Scan the records below for the word "LIAZ" and give only the number of lines that hold it.
————
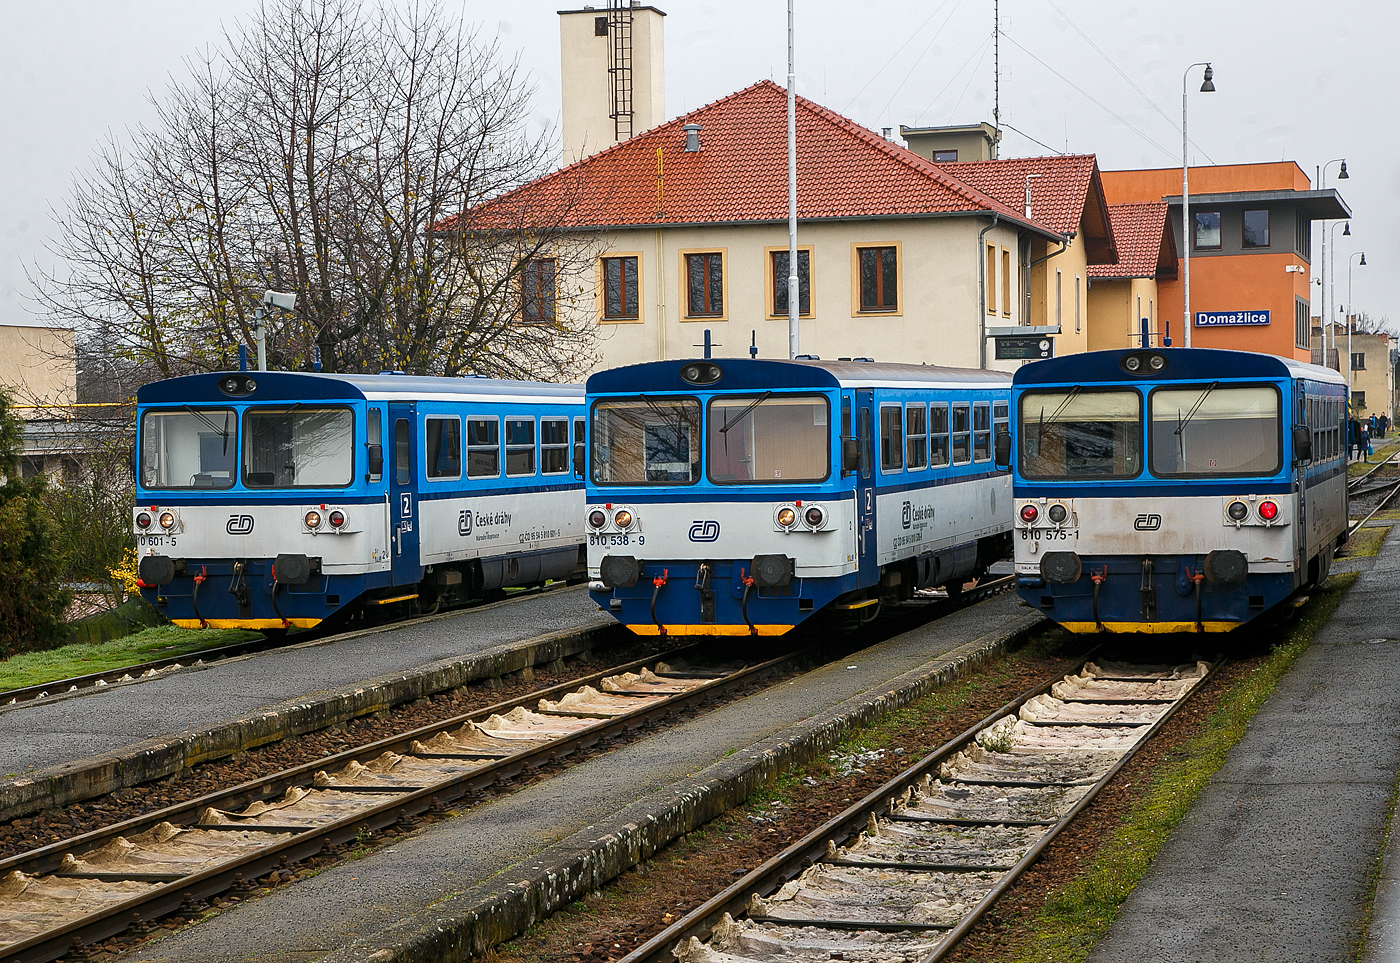 Gleich drei Brotbchsen...
Die drei zur „RegioMouse“ modernisierte “Chcpk”  (Brotbchsen), zweiachsige Dieseltriebwagen der ČD BR 810 (ex ČSD M 152.0) stehen am 22.11.2022 im Bahnhof Domalice (Taus) zur Abfahrt bereit. Es sind von links nach rechts, der (CZ-ČD 95 54 5) 810 601-5, 810 538-9 und 810 575-1. 

Die zweiachsige Dieseltriebwagen fr den Regionalverkehr wurden als Baureihen M 152.0 (ab 1988: Baureihe 810) fr die Tschechoslowakischen Staatsbahnen (ČSD) gebaut. Die Fahrzeuge bilden die dritte Generation zweiachsiger Triebwagen der ČSD. Die seit 2018 einer zweiten Modernisierung unterzogenen Fahrzeuge der ČD-Baureihen 809 und 810 werden als „RegioMouse“ vermarktet.

Ab 1975 wurden bei Vagonka Tatra in Studnka (heute koda Vagonka a.s.) in sieben Bauserien 680 zweiachsige Dieseltriebwagen fr die ČSD als Baureihe M 152.0 gebaut. Nahezu baugleiche Fahrzeuge wurden an die Ungarischen Staatsbahnen (MV), als Bzmot, geliefert. Passend zu den Triebwagen wurden entsprechende Beiwagen vom Typ Blm geliefert, welche in Aufbau und Aussehen identisch mit den Triebwagen sind. Jedem Triebwagen konnten zwei Beiwagen beigegeben werden. Aufgrund der eckigen Aufbauten erhielten die Triebwagen von deutschen Eisenbahnfreunden den Spitznamen „Brotbchse“.

Zwischen 1987 und 1990 fhrten die ČSD EDV-gerechte Triebfahrzeugnummern ein. In der bergangszeit wurden die EDV-Nummern zustzlich zu den alten Gussschildern mit Klebeziffern angebracht. Die Triebwagen erhielten die Reihenbezeichnung 810, die Beiwagen 010. Beide Nachfolgeunternehmen der ČSD behielten den Nummernplan bei, allerdings wurden freizgig einsetzbare Beiwagen 2009 auch nummernmig in den Reisezugwagenpark aufgenommen.

Nach der Teilung der Tschechoslowakei in die Nachfolgestaaten Tschechien und Slowakei am 1. Januar 1993 wurden Trieb- und Beiwagen auf die neugegrndeten Staatsbahnen ČD und SR aufgeteilt. In der Slowakei gehren die Fahrzeuge heute zum Bestand des Nachfolgeunternehmens elezničn spoločnosť Slovensko (ZSSK).

Technische Merkmale:
Die Triebwagen haben keine Vielfachsteuerung, passende Steuerwagen existieren nicht. Deshalb muss bei mehrteiligen Einheiten jeder Triebwagen mit einem Triebfahrzeugfhrer besetzt sein. Die Triebwagen mssen, wenn sie mit entsprechenden Beiwagen verkehren,  an Endbahnhfen stets an die jeweilige Zugspitze umgesetzt werden.

Aufbau des Triebwagens:
Der Triebwagen ist eine Leichtbaukonstruktion. Der Wagenkasten besteht aus gewalzten und abgekanteten Stahlprofilen, die mit Stahlblech verkleidet sind. Innen ist das Gerippe mit Spanplatten, die mit Sprelacart berzogen sind, verkleidet. Der Fuboden besteht aus wasserbestndigem Sperrholz von 15 Millimetern Dicke und ist mit einer zwei Millimeter starken Schicht aus PVC beklebt. An jedem Ende des Wagenkastens befindet sich ein vom Fhrerstand abgetrennter Einstiegsraum, der auf beiden Seiten jeweils eine vom Fhrerstand schliebare pneumatische Schiebetr besitzt.

Das Fahrgastabteil besitzt 56 Sitzpltze in der Anordnung 3+2 mit Mittelgang, die ursprnglich schaumgummigepolstert waren. Zustzlich bietet ein Wagen etwa 40 Stehpltze. Der Fahrgastraum hat auf jeder Seite sechs Fenster mit der lichten Weite von 1316  841 mm, deren oberer Teil klappbar ist. Groe Frontscheiben mit Scheibenheizung, Scheibenwischern und Sonnenschutzblende ermglichen eine gute Streckenbeobachtung. Durch die Anordnung einer zustzlichen Trennwand fielen die Fhrerstnde sehr kurz aus. Um eine befriedigende Sitzposition fr den Triebwagenfhrer zu ermglichen, musste die Trennwand im Bereich seines Sitzes ausgeschnitten werden. Der Ausschnitt ist mit einer in den Einstiegsraum reichenden Blechabdeckung verschlossen.

Die Beiwagen entsprechen im Aufbau den Triebwagen, abgesehen von der fehlenden Antriebsanlage. An Stelle der Fhrerstnde ist an den Wagenenden eine durchgehende Sitzbank vorhanden.

Laufwerk und Antriebsanlage:
Gefhrt wird das Fahrzeug von zwei einachsigen Drehgestellen, von denen eines ber eine Gelenkwelle angetrieben wird. Damit sind beide Radstze im Bogen radial einstellbar. Die Drehgestelle sttzen sich mit Schraubenfeder auf den Achslagern ab. Die Aufhngungen sind mit dem Wagenkasten ber Gummiblcke verbunden. Auf der Treibachse, die beidseitig gesandet werden kann, sitzt das Wendegetriebe zur Umsteuerung der Fahrtrichtung. Bei den Triebwagen sind beide Radstze mit einer Spurkranzschmiereinrichtung ausgerstet.

Als Antriebsanlage ist ein nicht aufgeladener Dieselmotor vom Typ LIAZ ML 634 unterflur eingebaut. Dieser besitzt sechs Zylinder in Reihe mit Direkteinspritzung und ist mit dem Getriebe vom Typ Praga 2M 70 direkt verbunden. Die gesamte Antriebsanlage besteht bis auf das Achswendegetriebe aus Komponenten, die vom Omnibus Karosa M 11 bernommen wurden. 

Die Antriebsanlage und die Hilfseinrichtungen wie Wasserkhlung, lwrmetauscher, Batterie, Kraftstoffbehlter und Warmwasserheizung sind unterflur angeordnet. Deshalb drfen die Triebwagen Ablaufberge nicht befahren. Die Hilfsmaschinen, ein Wechselstromgenerator und ein Kompressor fr die Druckluft der pneumatischen Bremse, werden ber Gelenkwelle und Keilriemen vom Dieselmotor angetrieben. Der Dieselmotor ist wassergekhlt, zustzlich ist ein Lfter mit hydrostatischem Antrieb vorhanden. Dieser wird in Abhngigkeit von der Motordrehzahl und der Khlwassertemperatur automatisch geregelt.

brige Einrichtungen:
Die Triebwagen sind mit indirekter Bremse und direkter Bremse nach dem System DAKO ausgerstet. Gesteuert wird diese mit dem Fhrerbremsventil koda N – 0. Auerdem ist eine Handbremse, die in beiden Fhrerstnden bedient werden kann, vorhanden. In beiden Einstiegsrumen und dem Fahrgastraum befinden sich Notbremshhne.

Beheizt wird das Fahrgastabteil des Triebwagens durch Warmluft. Hierzu wird das Khlwasser aus dem Motorkreislauf einem Wrmetauscher zugefhrt, der unter den Sitzen angebracht ist. Bei nichtarbeitendem Dieselmotor wird ein Vorwrmgert verwendet. Der Fhrerstand wird mit einer Warmwasserheizung beheizt. Die Beiwagen werden elektrisch beheizt. Belftet wird das Abteil der Reisenden ber Dachlfter. Die Beleuchtung des Fahrgastabteiles bernimmt der Wechselstromgenerator. Durch die Ausrstung der Trieb- und Beiwagen mit Seitenpuffern und Schraubenkupplung ist es mglich, die Fahrzeuge mit anderen Fahrzeugen zu kuppeln. Daher knnen die Triebwagen vereinzelte Gtertransporte auf Nebenbahnen durchfhren. Die Schraubenkupplungen entsprechen der bei Dieseltriebwagen der ČSD blichen leichten Ausfhrung, die damit ausgersteten Wagen drfen in Regelzgen nur am Schluss eingestellt werden.

Umbauten in Tschechien  (der ČD): 
1994 begann der Umbau von 28 Einheiten fr den schaffnerlosen Betrieb. Dabei wurde die Inneneinrichtung gendert. 1996 wurden diese Einheiten in die ČD-Baureihe 809 umgezeichnet.

Von 2005 bis 2012 wurden die Fahrzeuge der ČD durch die Firma Pars Nova (gehrt zu koda) grundlegend modernisiert und umgebaut. Dabei entstanden zweiteilige Einheiten, die jeweils aus einem Triebwagen und einem teilweise niederflurigen Steuerwagen bestehen. Ein Teil der Triebzge wurde als dreiteilige Einheit mit zwei Triebwagen und einem dazwischen eingestellten Beiwagen zusammengestellt. Bei den Wagen, die einen zwischen den Radstzen abgesenkten Wagenboden erhielten, wurden die Einstiege von den Enden in Wagenmitte verlegt.

Im Februar 2018 wurde als letzte Modernisierung die Baureihe 816 von GW Train Regio vorgestellt.

Einsatz:
Die Fahrzeuge besitzen eine Zulassung fr den Verkehr nach Deutschland und sterreich. Im grenzberschreitenden Nahverkehr gehrten sie auf den Grenzbahnhfen Zittau, Ebersbach (Sachs), Bad Schandau, Johanngeorgenstadt, Furth im Wald und Bayerisch Eisenstein zum tglichen Bild. 

Trotz des Umbauprogrammes existieren nach wie vor einige Fahrzeuge, die sich bis auf eine Teilmodernisierung des Fahrgastraumes mit neuer Bestuhlung noch weitgehend im Originalzustand befinden. Sie kommen weiterhin auf Strecken mit geringem Verkehrsaufkommen planmig zum Einsatz. Bei den ČSD war es blich, Beiwagen von Verbrennungsmotortriebwagen auch als lokbespannte Reisezge einzusetzen. Die Nachfolger behielten diese Betriebsweise bei.

TECHNISCHE DATEN :
Hersteller: ČKD Vagnka in Studnka (heute koda Vagonka a.s.)
Spurweite: 1.435 mm (Normalspur)
Achsformel: 1'A' 
Lnge ber Puffer: 13.970 mm
Hhe: 3.500 mm
Achsabstand: 8.000 mm
Dienstgewicht: 20 t
Radsatzfahrmasse: 10 t
Hchstgeschwindigkeit: 80 km/h
Installierte Leistung: 155 kW (bei 1.950 U/min)
Anfahrzugkraft: 29 kN 
Motorbauart: Sechszylinder-Reihendieselunterflurmotor
Motorentyp: LIAZ ML 634
Motorhubraum: 11,946 Liter (Zylinder- 130 mm / Kolbenhub 150 mm)
Nenndrehzahl: 2.150 U/min (Leerlaufdrehzahl 600 U/min)
Kompressionsverhltnis: 12,5 : 1
Getriebe: Praga 2M70
Leistungsbertragung: hydromechanisch
Sitzpltze: 55
Tankinhalt: 300 l
Fubodenhhe: 570 mm (Niederflurteil)
Kleinster befahrbarer Gleisbogen: R 100 m

Quellen: Wikipedia, atlaslokomotiv.net
————
> [TASK RESULT]: 2